Campbell 'blisters' federal Conservatives to applause all round


Vaughn Palmer

Vancouver Sun

Friday, May 05, 2006


VICTORIA - B.C.'s aboriginal leaders were contemplating how to express their disappointment over the federal budget when there was a call from the office of Premier Gordon Campbell.

Campbell, too, was "disappointed." The new national government had failed to pick up Ottawa's share of the 10-year accord with first nations, signed just last fall in Kelowna.

The premier was planning a statement in the provincial legislature.

He figured his comments would carry additional weight if first nations leaders were to join the MLAs on the floor of the house when he delivered his remarks. Would they come?

That was the extent of the invitation, according to Ed John of the First Nations Summit. No details of what the premier intended to say. No promise of consultation on the text.

But would they come? They did.

As a measure of Campbell's progress in improving relations with the aboriginal community, when he delivered his statement in the house Thursday afternoon, five native leaders -- Ed John, Stewart Phillip, Shawn Atleo, Mike Retasket and Doug Kelly -- were there on the floor, listening attentively.

It was, as John characterized it later, "a bit of a blistering" for the new national government.

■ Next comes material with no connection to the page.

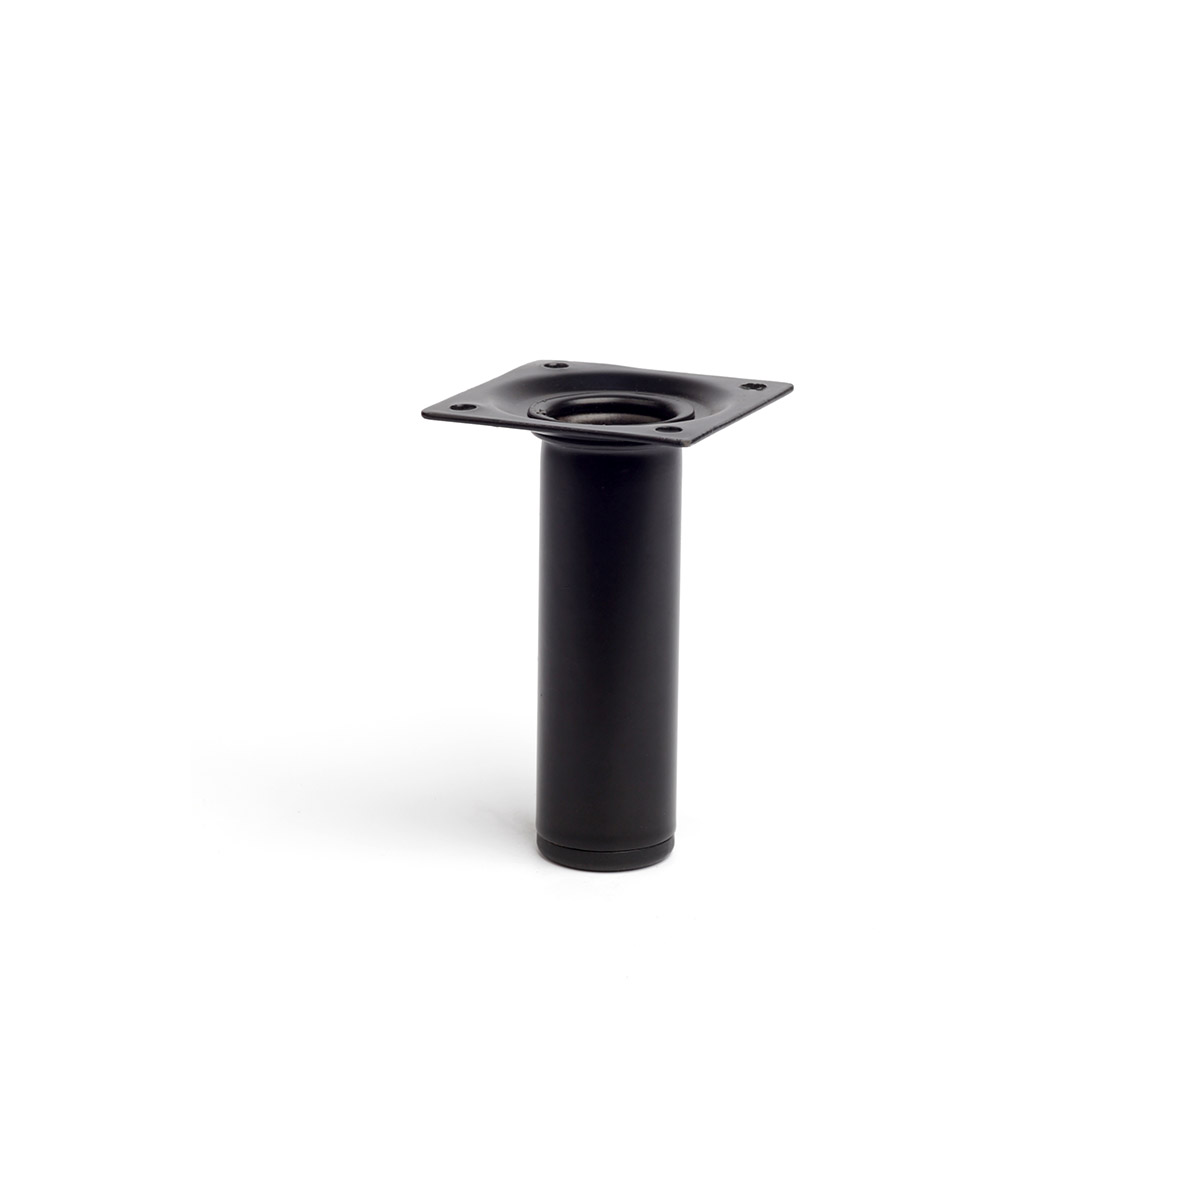 Pied cylindrique en acier d'une hauteur de 100 mm et finition noir. Dimensions: 30x30x100 mm

"Canada's moment of truth," the B.C. premier called the accord. "It was chance to do something that had eluded our grasp as a nation for 138 years -- to end the disparities in health, education, housing and economic opportunity."

The accord "was the product of unprecedented government-to-government collaboration," Campbell went on to say.

Ten provinces, three territories and the federal government embraced a 10-year, $5-billion effort to close the gap between the country's aboriginal and non-aboriginal communities.

More than dollars, "the honour of the Crown is at stake," Campbell declared. "The trust relationship that was at the core of the Kelowna meeting demands decisive action and unflagging affirmation . . . No more excuses."

He closed by invoking what might be called the spirit of Kelowna: "First ministers from all the provinces, all the territories and the federal government came together. They lit a torch, and that was a torch of hope. It was a beacon that we should hold high."

With that, the premier took his seat, triggering a remarkable display.

Standing ovation from government. Standing ovation from the New Democrats. "We need to speak with one voice in this province," as Opposition house leader Mike Farnworth put it.

The first nations leaders stood and applauded the premier's statement as well, ignoring the protocol that guests on the floor of the house are seen but never heard.

Some folks in the public galleries applauded, too, again in defiance of house rules.

A remarkable show of unity, reinforced a few hours later when MLAs on both sides spoke in favour of an Opposition motion in defence of the Kelowna accord.

What it all means is another matter. For the Kelowna accord is perceived differently in Ottawa than it is here in B.C.

The new federal government views the accord, signed on the eve of the last election call, as a last desperate act of a soon-to-be-beaten prime minister.

"Something crafted at the last moment on the back of a napkin," in the contemptuous (and contemptible) comment of one of the Conservatives.

That comment was especially hurtful to aboriginal leaders, who spent 18 months working on the accord, often to the detriment of pursuing other objectives with senior governments.

Campbell, too, invested a lot in the deal. He did all of the liaison work with other premiers and territorial leaders, pulling together a consensus, presiding as host of the gathering in Kelowna.

He'd rather all that effort did not go to waste, especially as his own government has worked so hard on what it calls the "new relationship" with first nations.

His plea for Ottawa to give the accord a chance didn't make reference to the continuing showdown with natives in Caledonia, Ont. But that kind of unravelling must have been on his mind as well.

Still, Campbell left plenty of room his speech for the federal government to meet the province halfway.

He avoided citing a specific shortfall in funding, saying it would be enough if the commitments in the accord were "met one way or another."

He recognized, too, that "the new government may well have its own ideas on how to best advance the objectives set out in that document."

There was room for "new approaches, new partnerships, new revenue sharing," for "new vehicles" and "new flexibility" -- above all, Campbell said, "significant room for hope."

So a bit of a blistering, all right. But nothing like an irreparable breach between the federal and provincial governments.